If you’ve been fortunate enough to avoid the Italian state education system you may be wondering what’s so bad about studying and passing tests. The problem is that this seems to be (mostly) ALL they do.
It’s years on end of memorizing facts and get tested, again and again! Don’t believe me? Try this test, and you’ll see.
Ask an Italian (one who went through the school system here), any Italian adult basically, what they think of English literature. They’ll answer either ‘wonderful’ or ‘boring’, which will tell you a lot about whether they were, as children, eager-to-please would-be clones of their teacher or bored to the teeth and praying childhood would end soon. Wait, though. The test hasn’t started yet!

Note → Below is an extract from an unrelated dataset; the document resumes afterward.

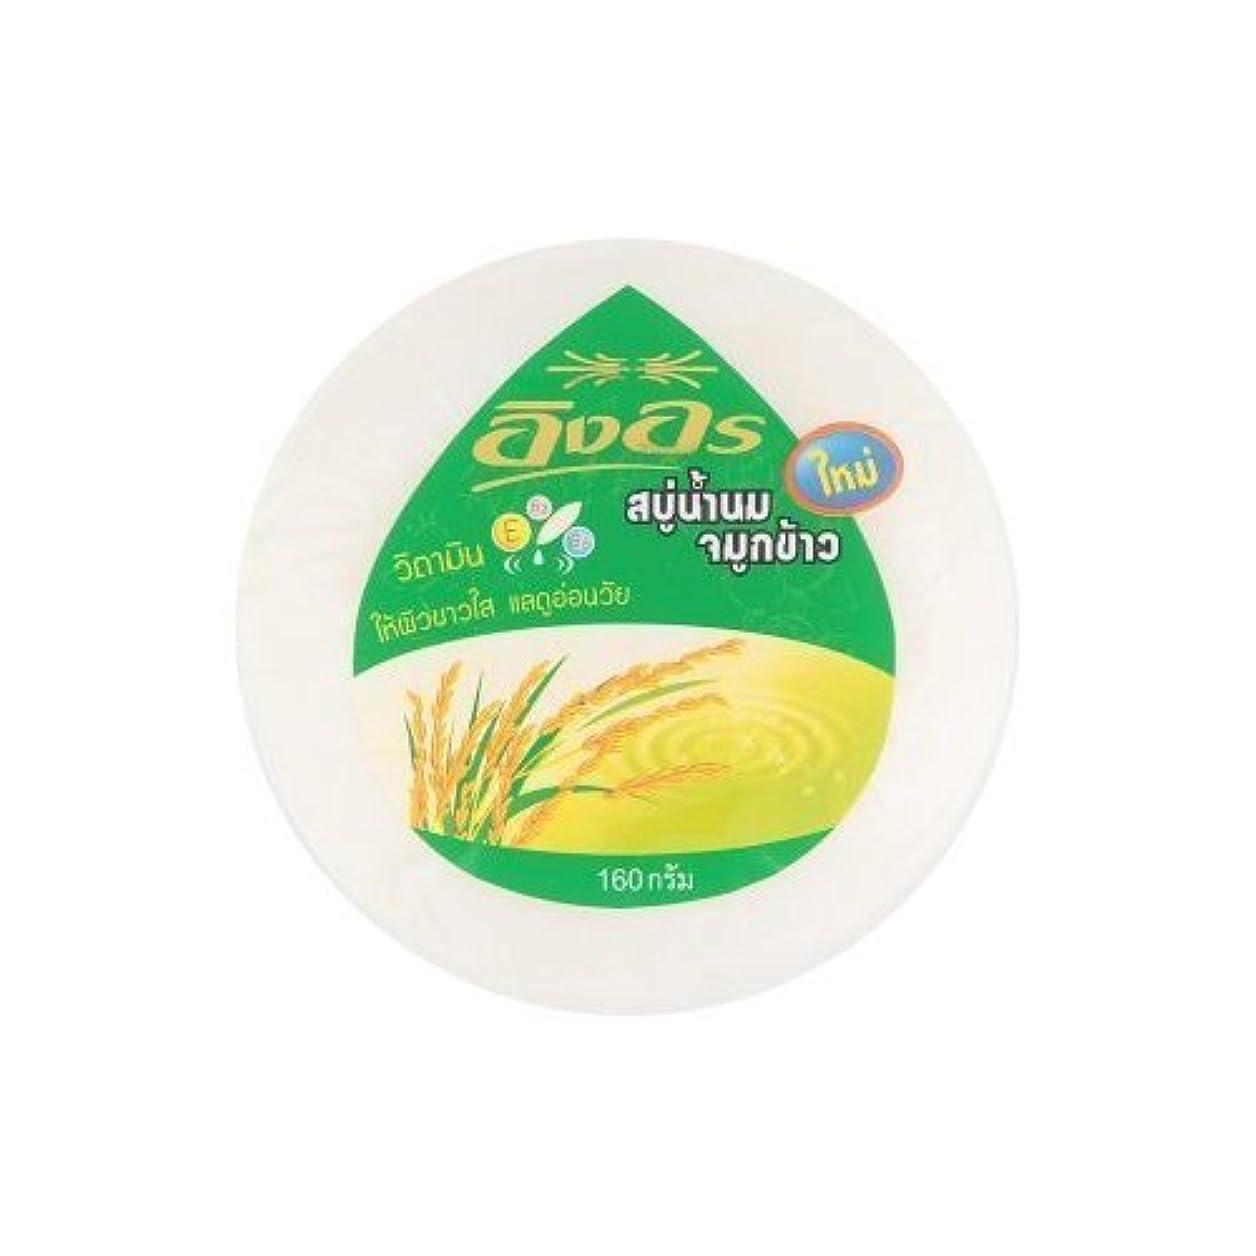 フォロー震える村Ni Yom Thai shop Ing on : Wheat Germ Milk Herbal Soap Bar 5.64 Oz. Made in Thailand

Now ask them to name a few English poets, novelists, and playwrights. I SWEAR, they all can! Because they’ve all, the whole F-ing country, memorised the ‘greats’ of some other country’s literary culture.
Why? Well ‘culture’ obviously. And ‘wonderful’ or similar is the CORRECT response, though ‘boring’ is predictably common.
What’s the purpose of all this memorising, all this drumming culture into little heads, whether they like it or not?
Obviously it’s mostly about socialization (forming good little future citizens) rather than ‘education’ in a more positive sense.
And the effect is to shape unimaginative future generations of Italian teachers who will willingly replicate their own brainwashing, but will never do, or write, or question anything, whatsoever, themselves.
Did you know? I asked my class, that Italy has (or had – my data might be old, though I doubt it) the lowest rate of newspaper readership in Europe?
Why do you think that might be? Newspapers are boring, right? And hard to read? Newspapers here are for the politically-obseessed, not for ‘normal’ people. While writing, the ‘correct’ way, that they write in newspapers, that your teacher is talking about, is hard.
And so only for ‘proper journalists’ (you have to join the union to be a journalist in Italy…) Reading and writing is not for normal people, not for us.
What irony. You spend years STUDYING (English) literature at school, memorising the names of our poets, novelists and playwrights, for ‘culture’, and yet you never actually READ or WRITE anything for your own satisfaction.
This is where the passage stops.